● **GIVEN INFORMATION**:
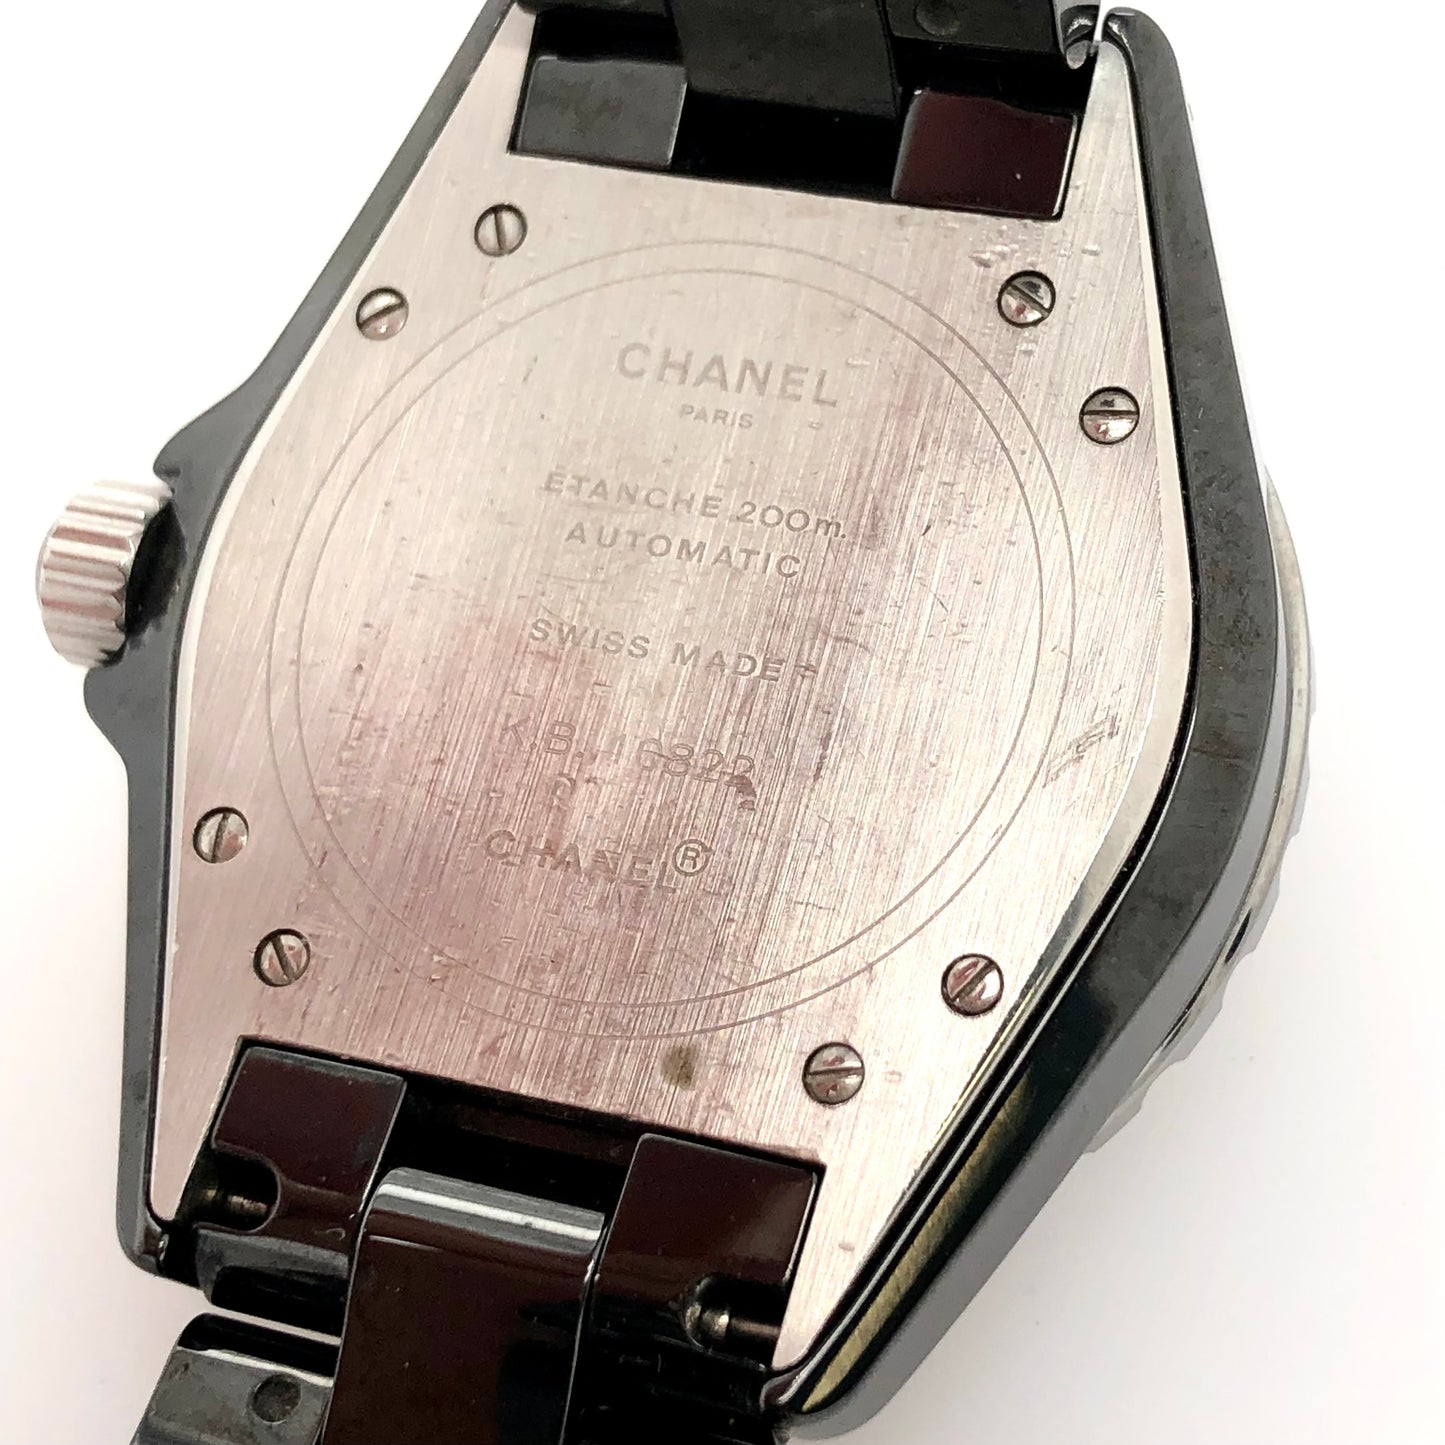 CHANEL J12 Automatic 32mm Black Ceramics & Steel Watch
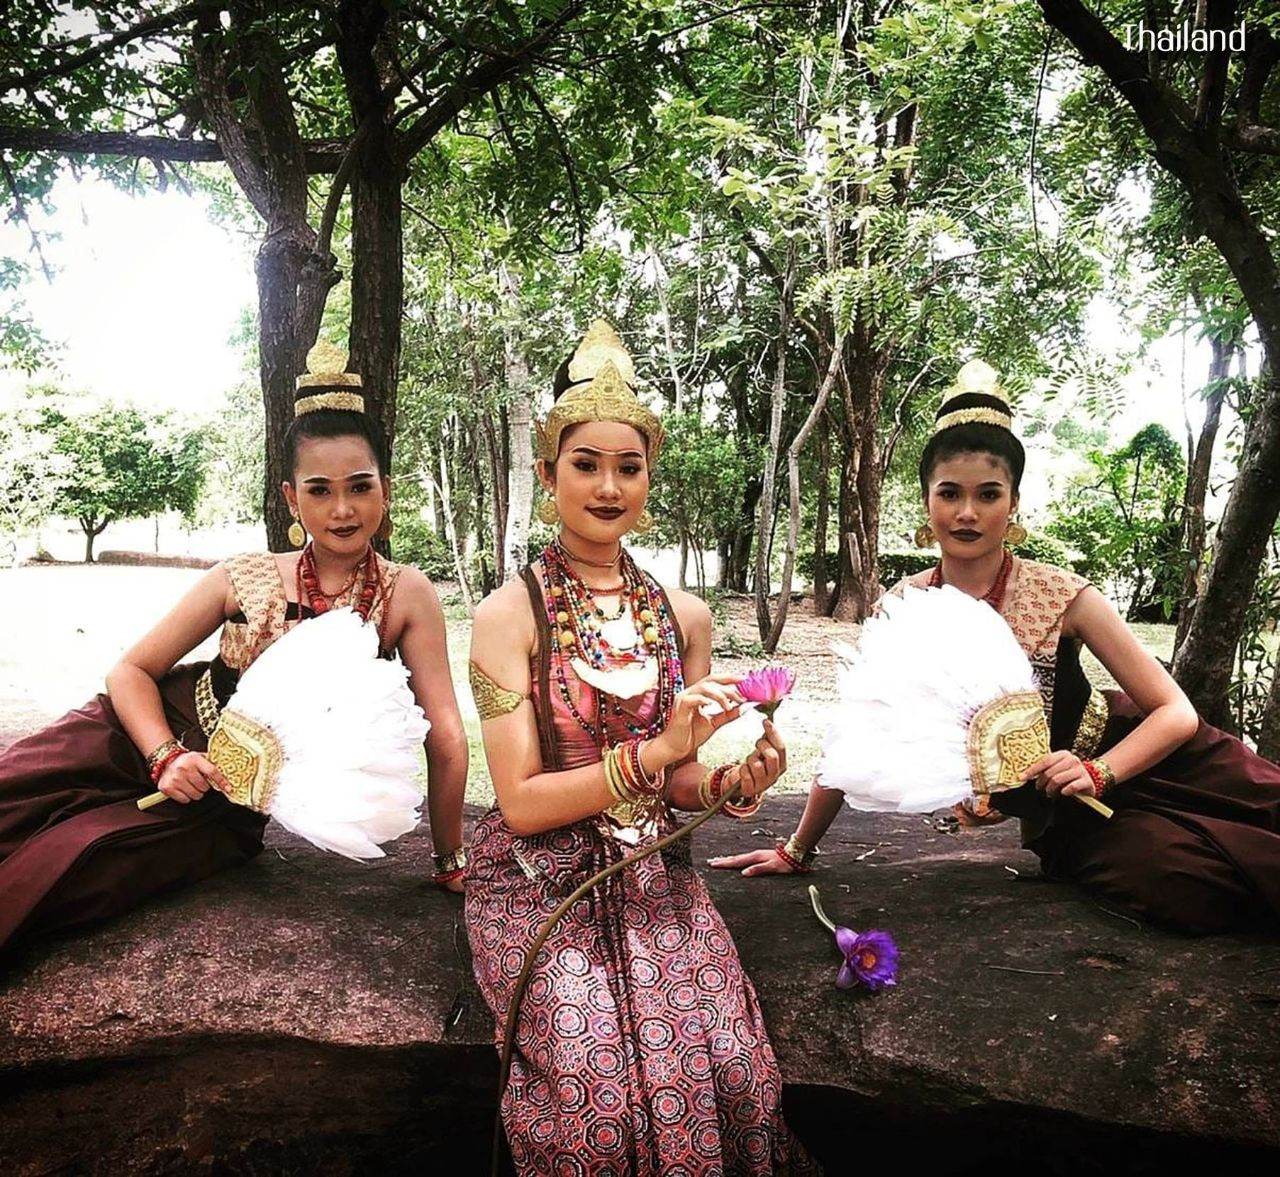 Dvaravati Era: การแต่งกายสมัยทวารวดี | THAILAND 🇹🇭
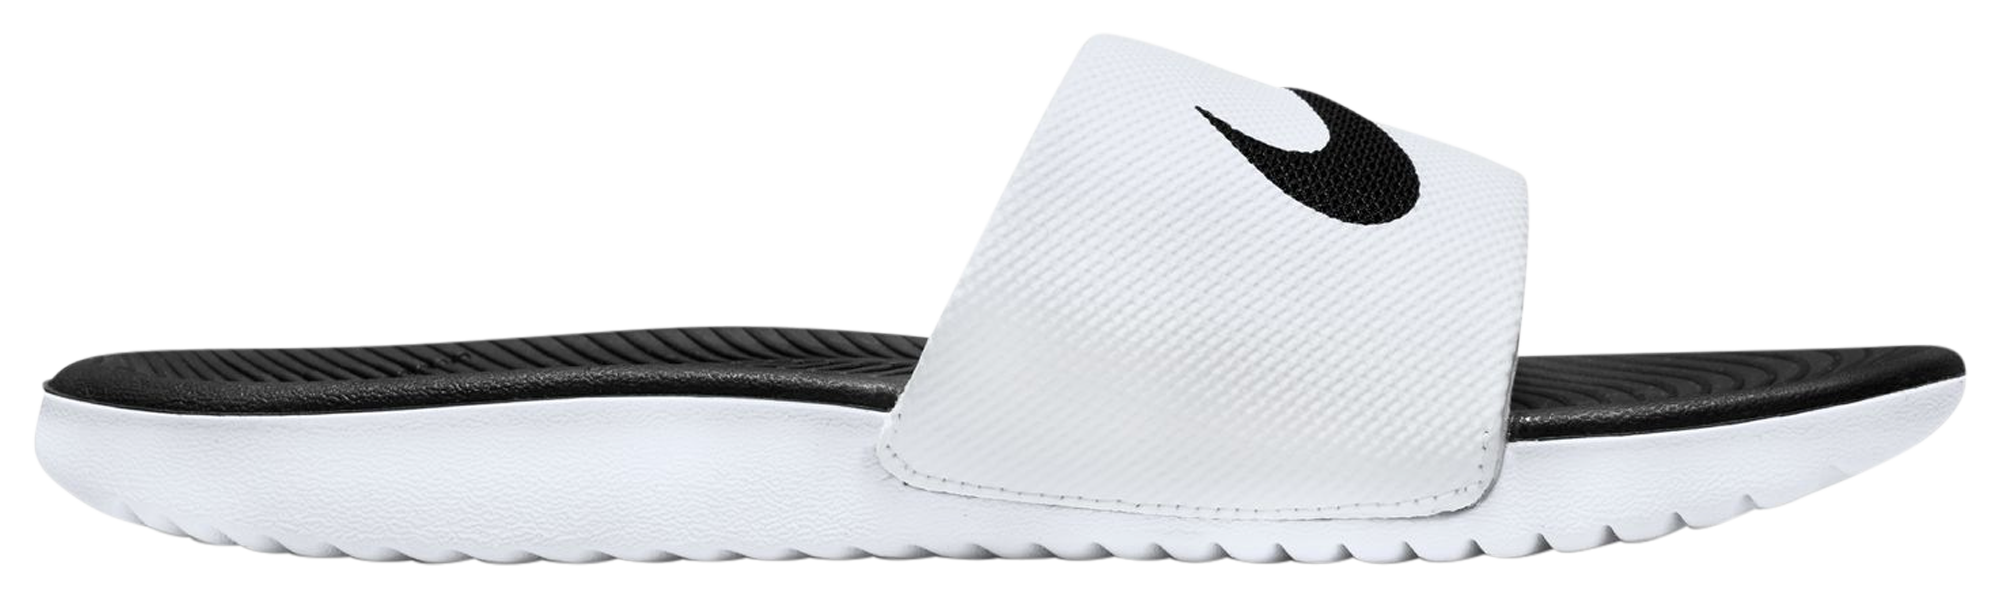 Nike Kawa Slides | Foot Locker
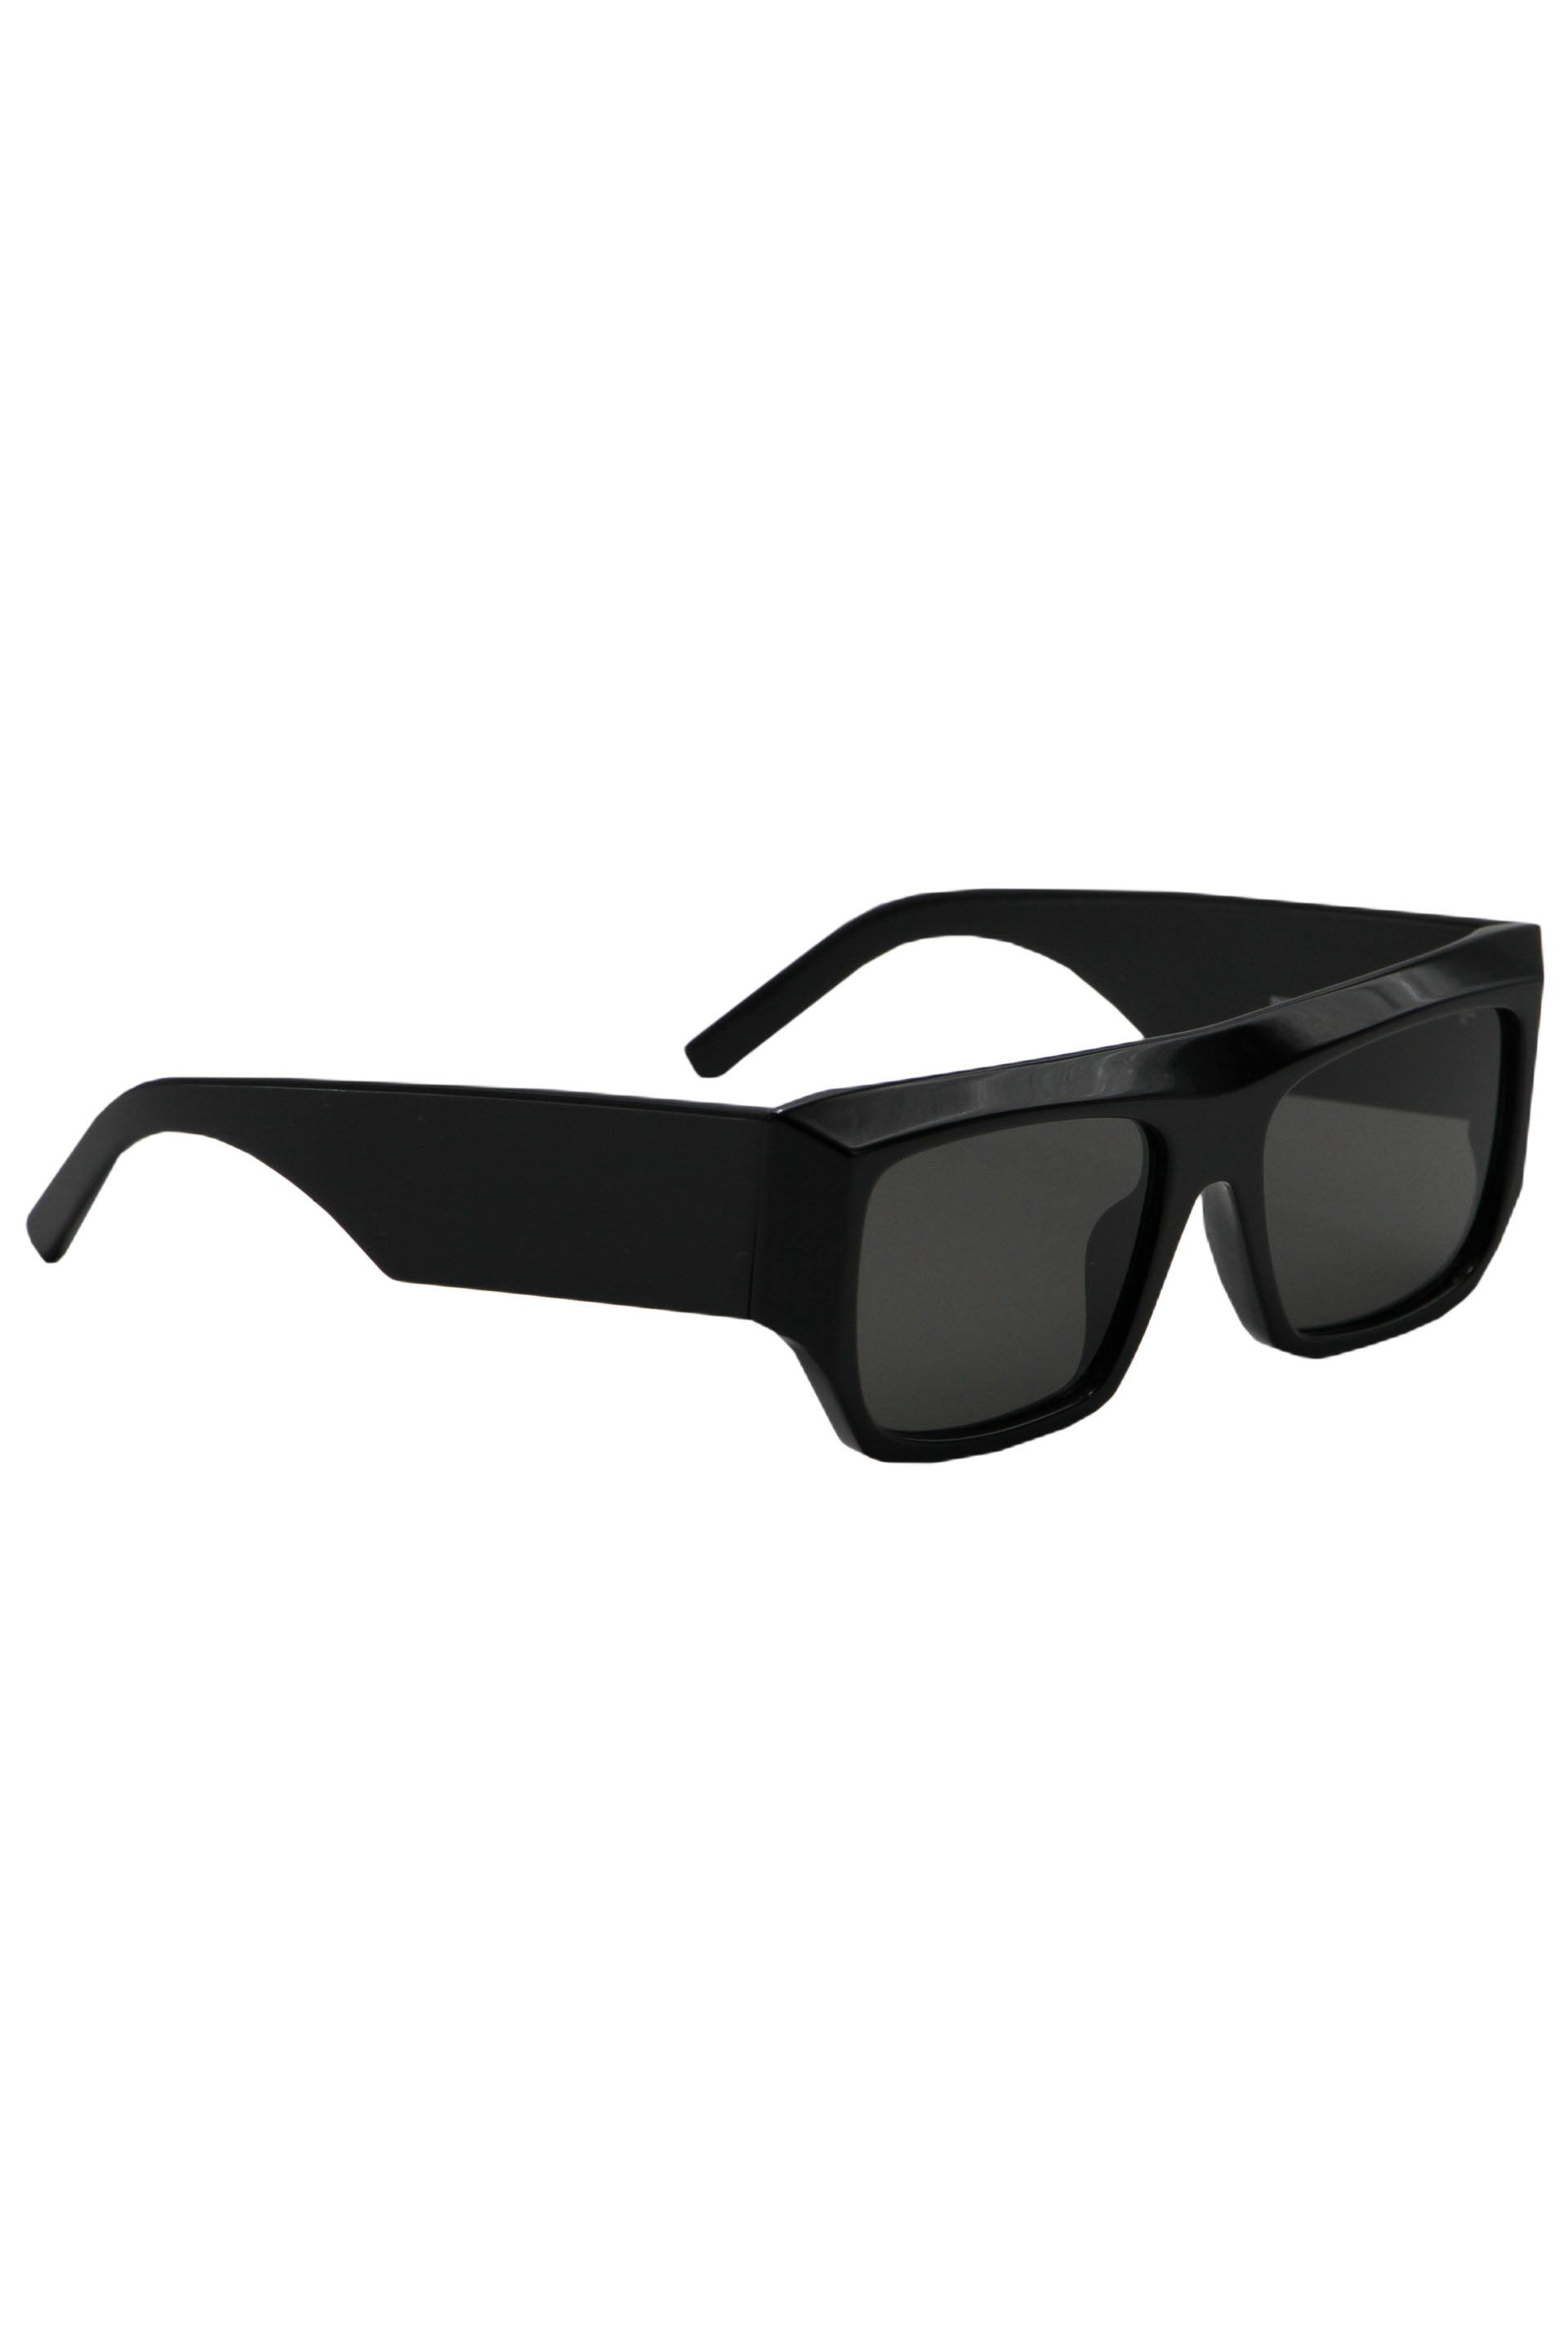 Palm-Angels-OUTLET-SALE-Blanca-rectangular-frame-sunglasses-Sonnenbrille-TU-ARCHIVE-COLLECTION-3.jpg

● **REQUIRED WORK**: Every line of the data should be copied as it stands, without the images.

● **TASK SOLUTION**:
 CHANEL J12 Automatic 32mm Black Ceramics & Steel Watch
 Dvaravati Era: การแต่งกายสมัยทวารวดี | THAILAND 🇹🇭
 Nike Kawa Slides | Foot Locker
 Palm-Angels-OUTLET-SALE-Blanca-rectangular-frame-sunglasses-Sonnenbrille-TU-ARCHIVE-COLLECTION-3.jpg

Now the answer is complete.